**Collected material:**

----

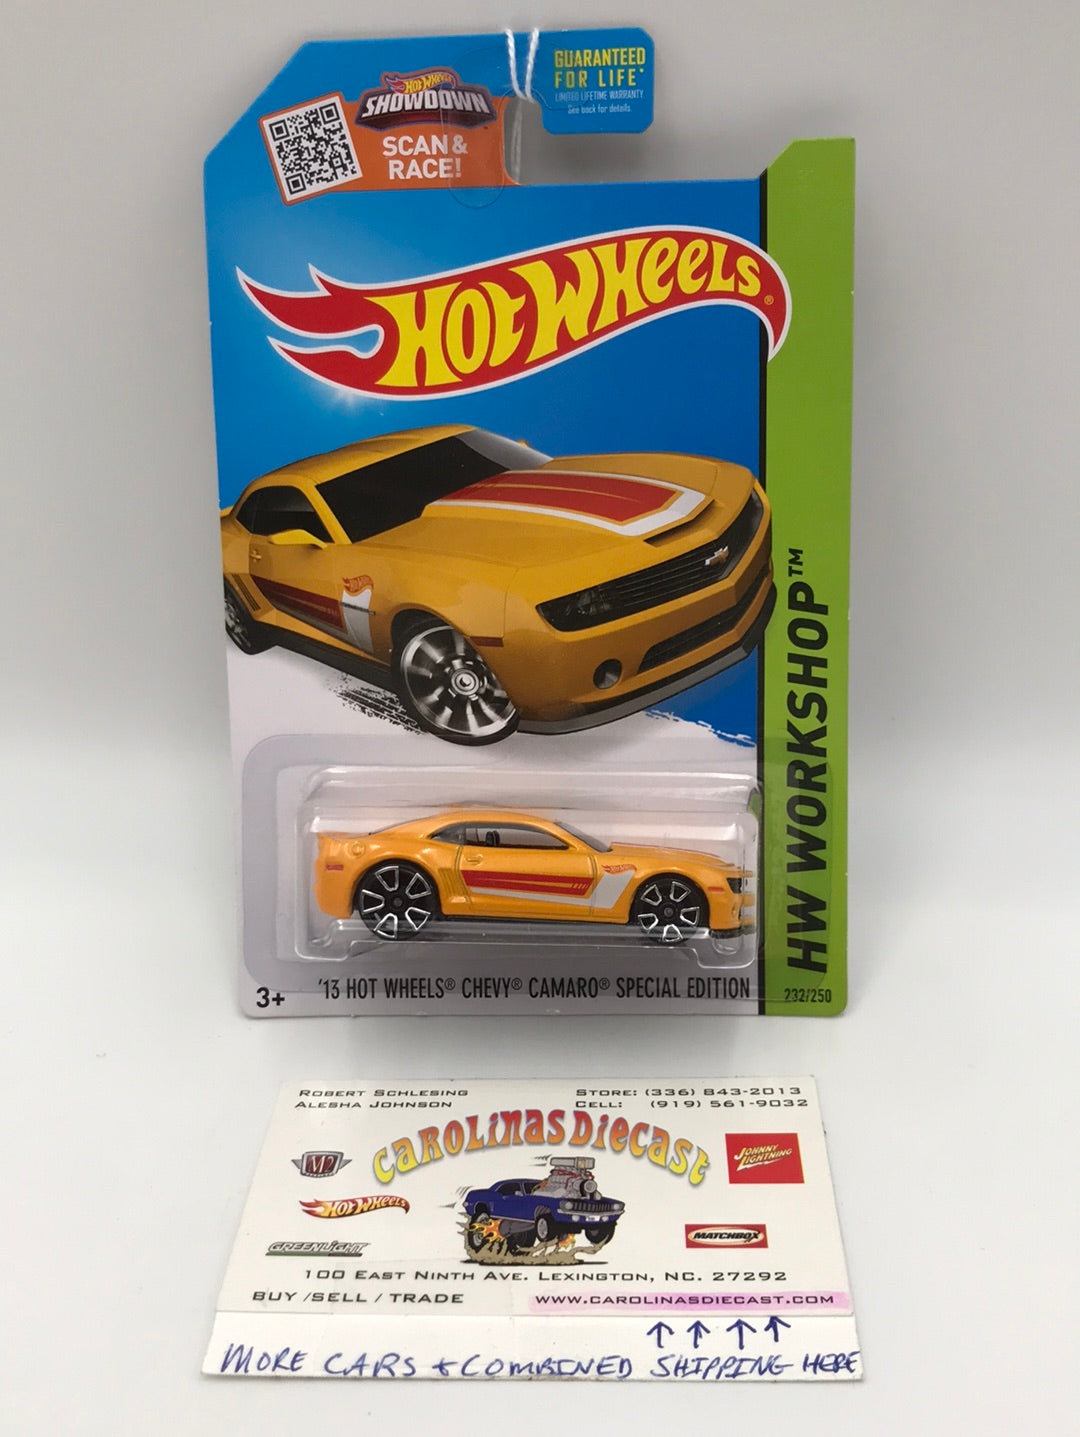 2015 Hot Wheels #232 13 Hot wheels chevy camaro special edition yellow GG4
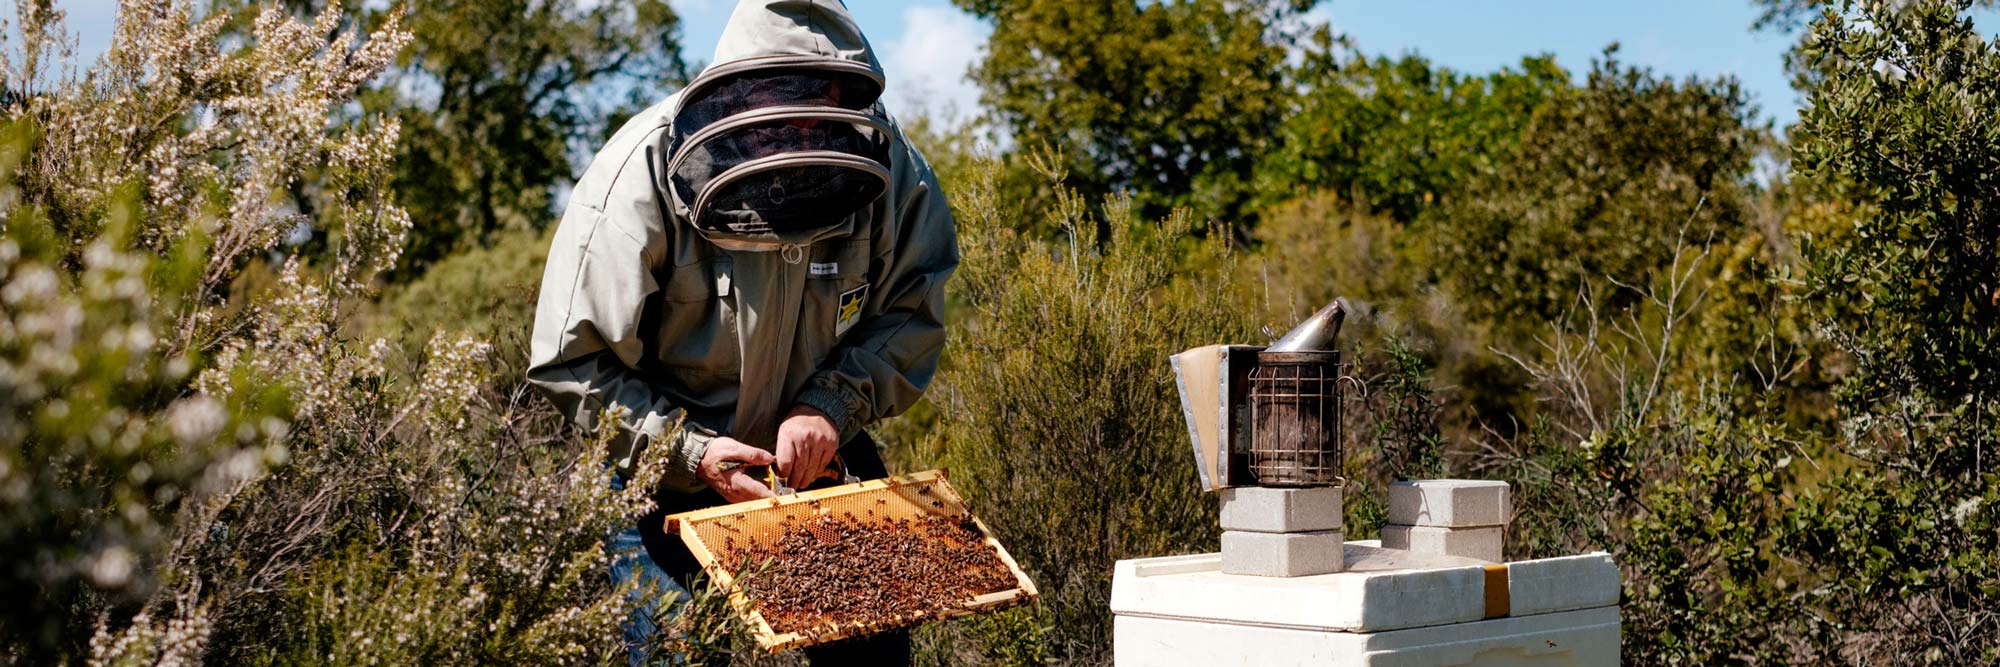 apiculteur français
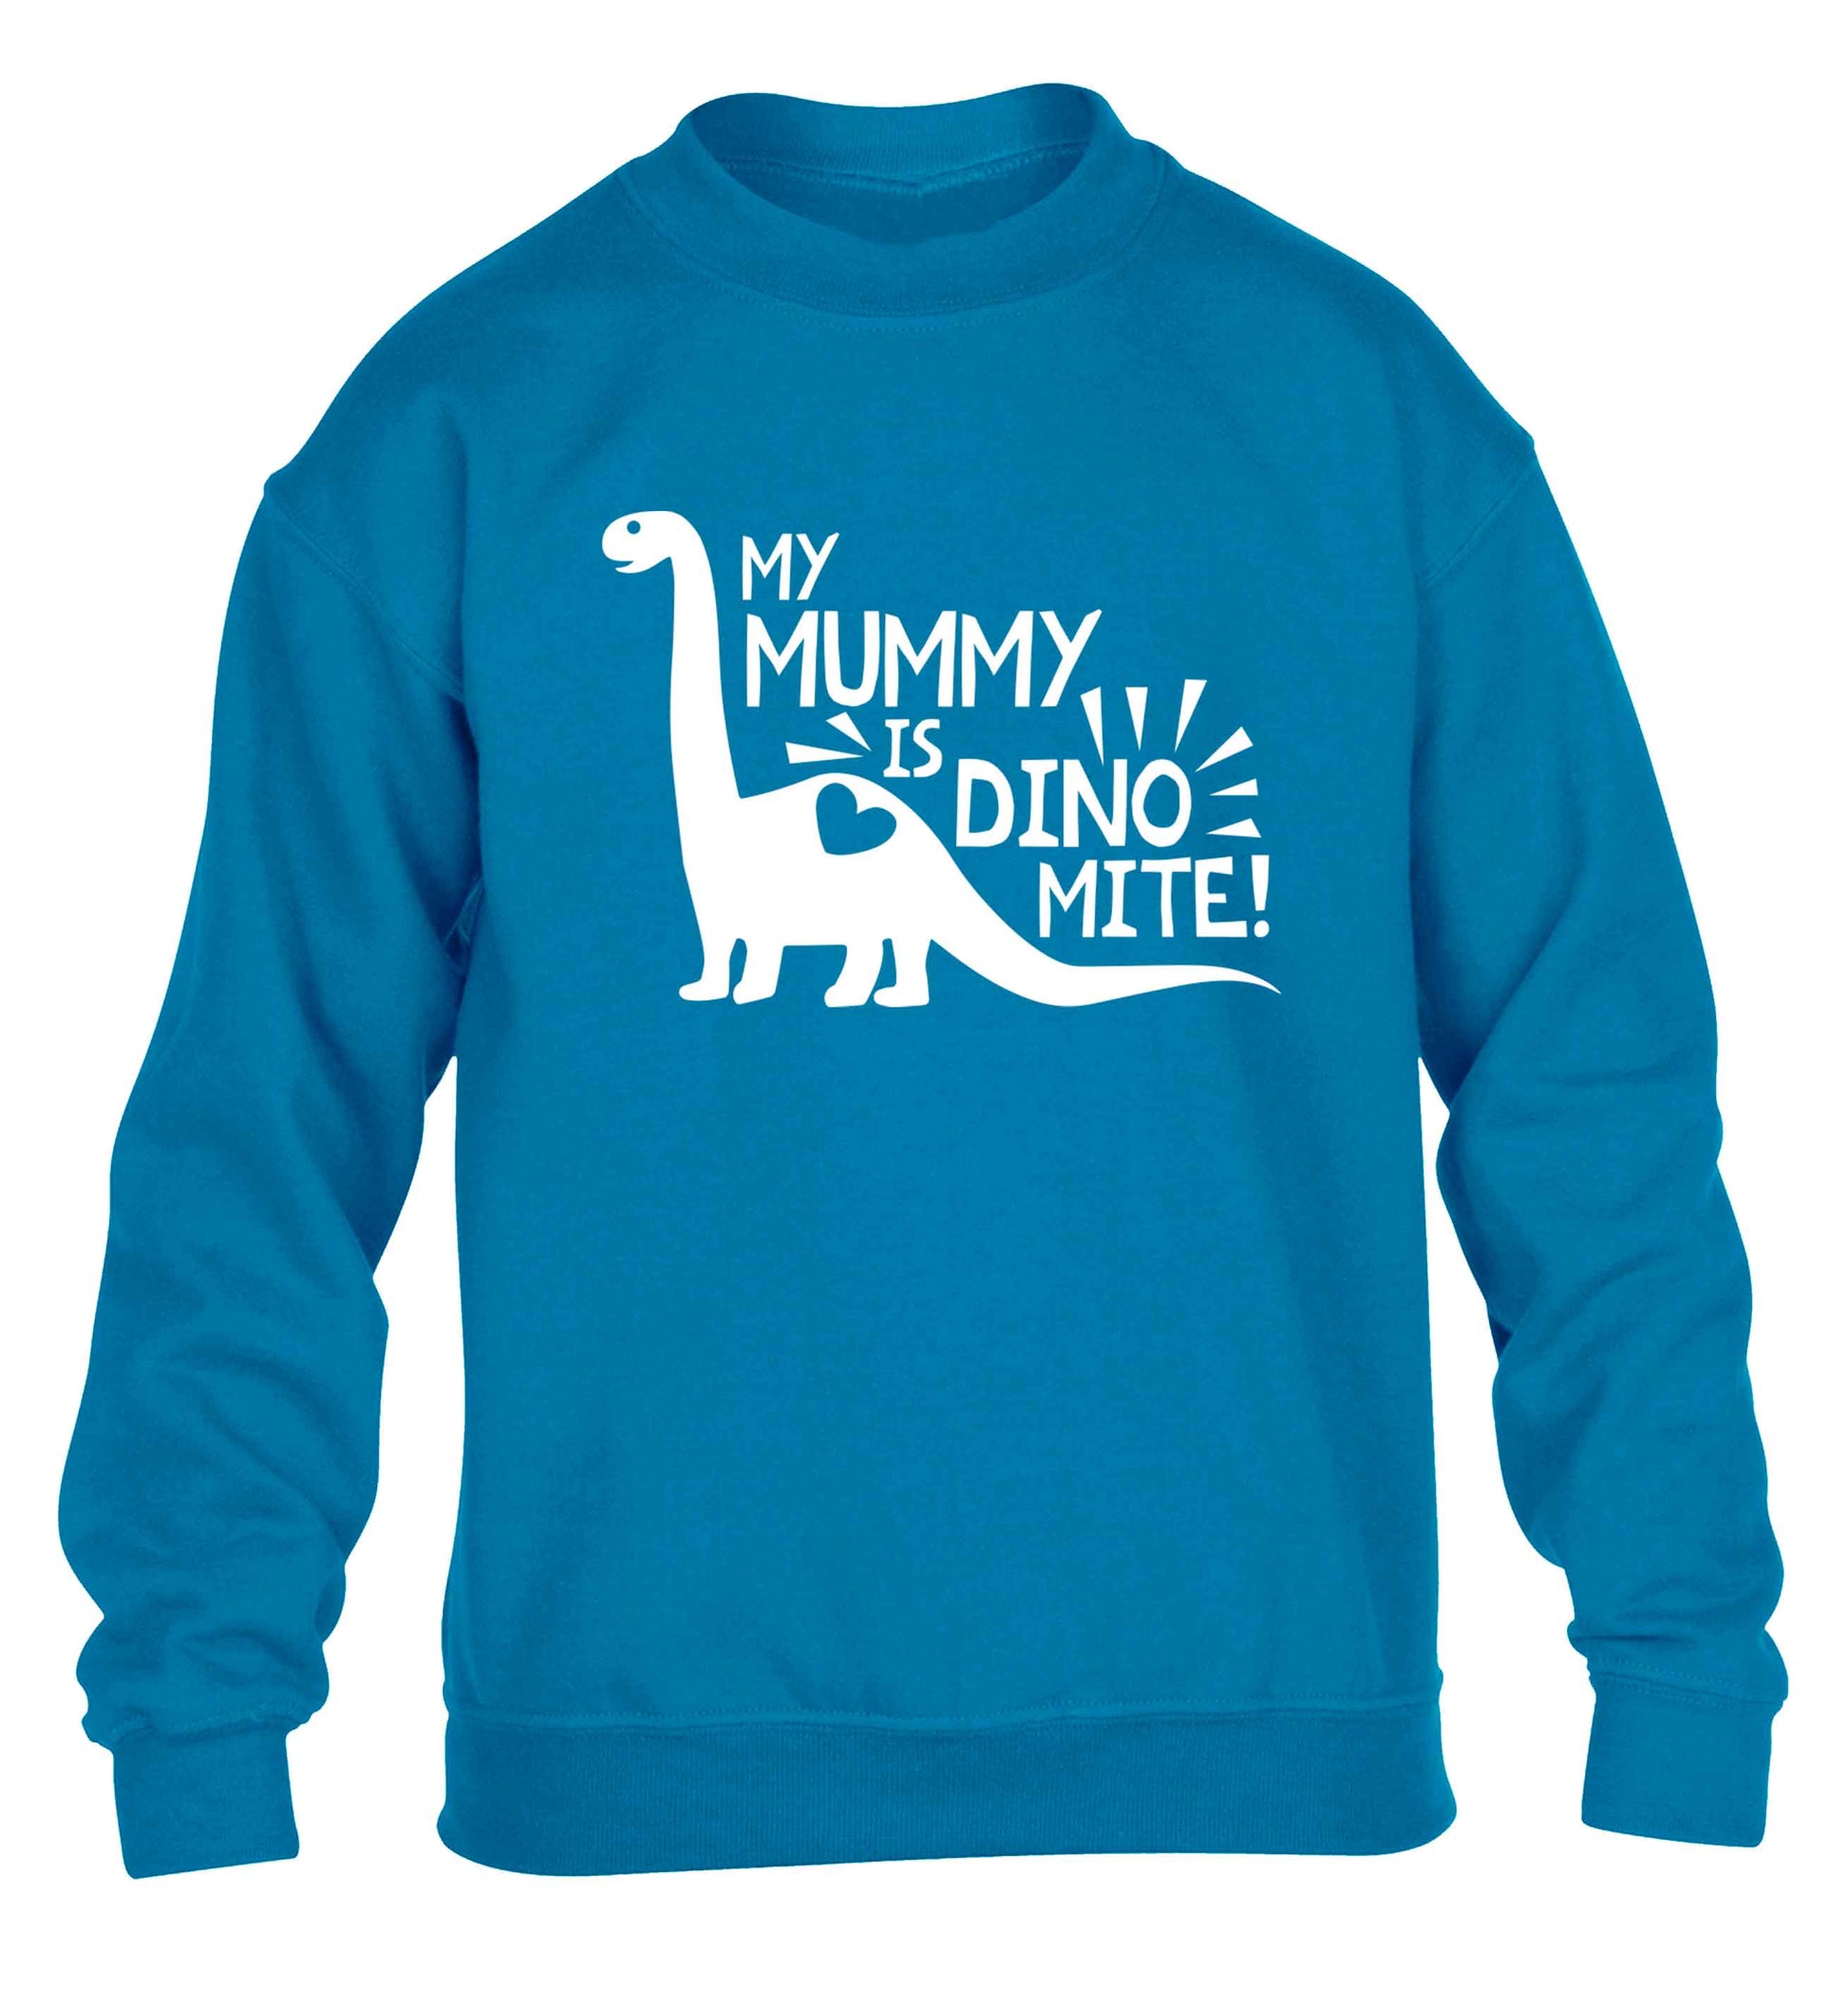 My mummy is dinomite children's blue sweater 12-13 Years

----

**Activity:**
Because the copy must hold no pictures, return only the lines that run from the line containing "apiculteur français" to the end of the data above, each exactly as it stands.

**Response box:**
 apiculteur français
 My mummy is dinomite children's blue sweater 12-13 Years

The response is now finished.